What the task asks: When the line containing "ragnarokhotsauce.com" is found in the data below, copy it and each line after it through the line containing "#RagnarokHotSauce #FlavorfulJourney #NaturalFlames", exactly and with no others.

Listed records:
/---

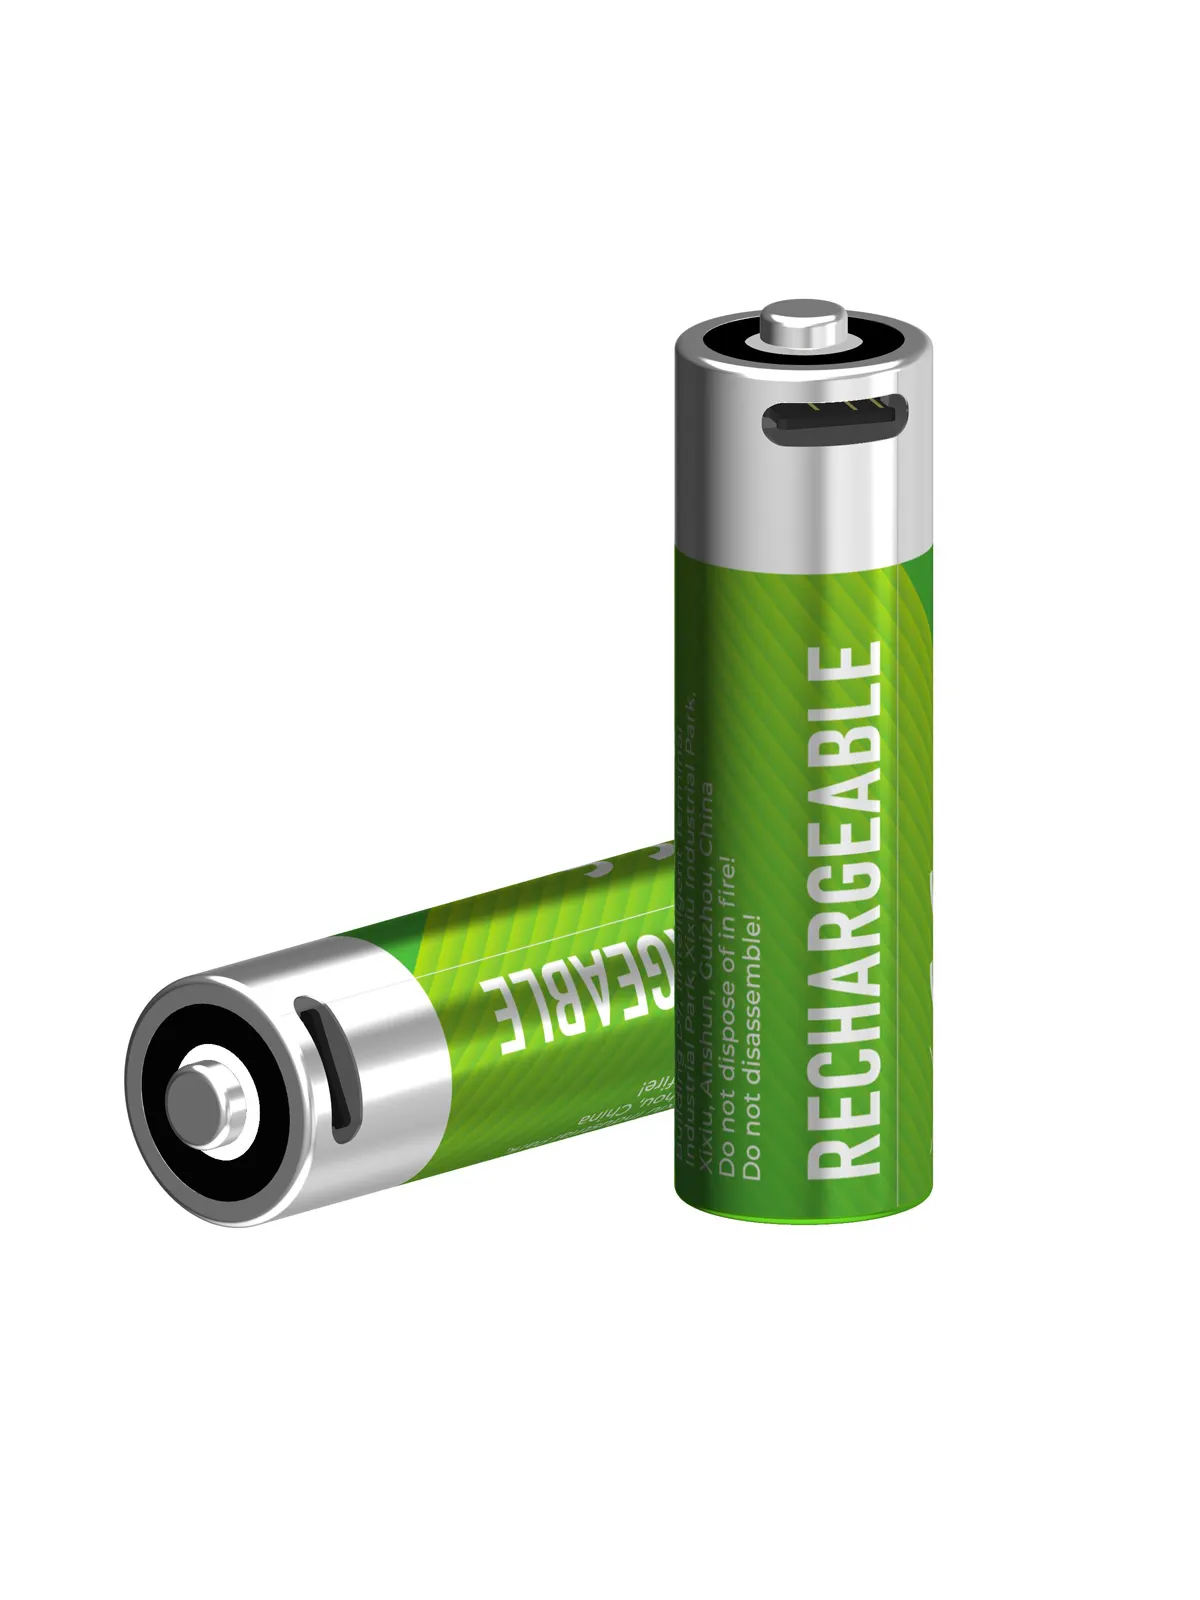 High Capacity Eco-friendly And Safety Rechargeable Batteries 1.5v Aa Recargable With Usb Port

\---
/---

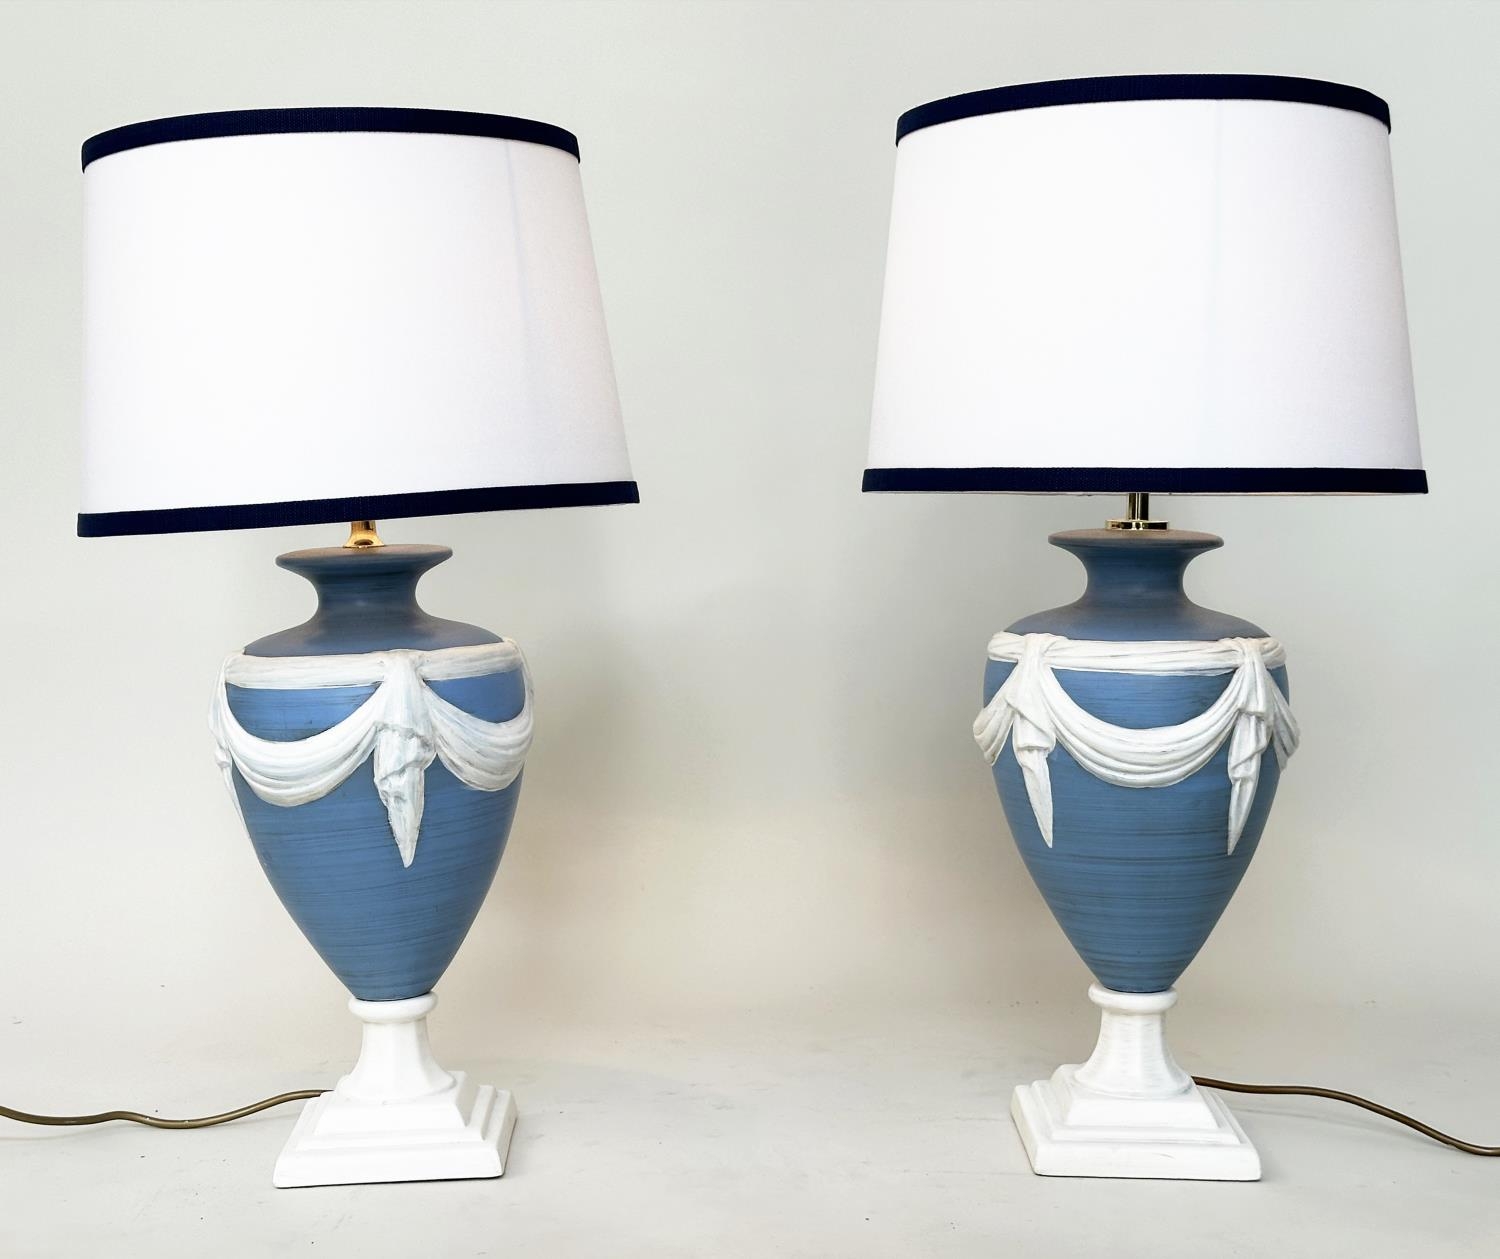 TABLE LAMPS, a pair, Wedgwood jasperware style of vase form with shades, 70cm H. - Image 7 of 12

\---
/---

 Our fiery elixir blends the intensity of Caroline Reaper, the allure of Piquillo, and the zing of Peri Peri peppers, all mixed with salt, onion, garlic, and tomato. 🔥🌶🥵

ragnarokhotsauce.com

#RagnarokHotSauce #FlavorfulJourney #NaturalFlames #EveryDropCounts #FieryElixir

\---

Solved problem:
ragnarokhotsauce.com

#RagnarokHotSauce #FlavorfulJourney #NaturalFlames #EveryDropCounts #FieryElixir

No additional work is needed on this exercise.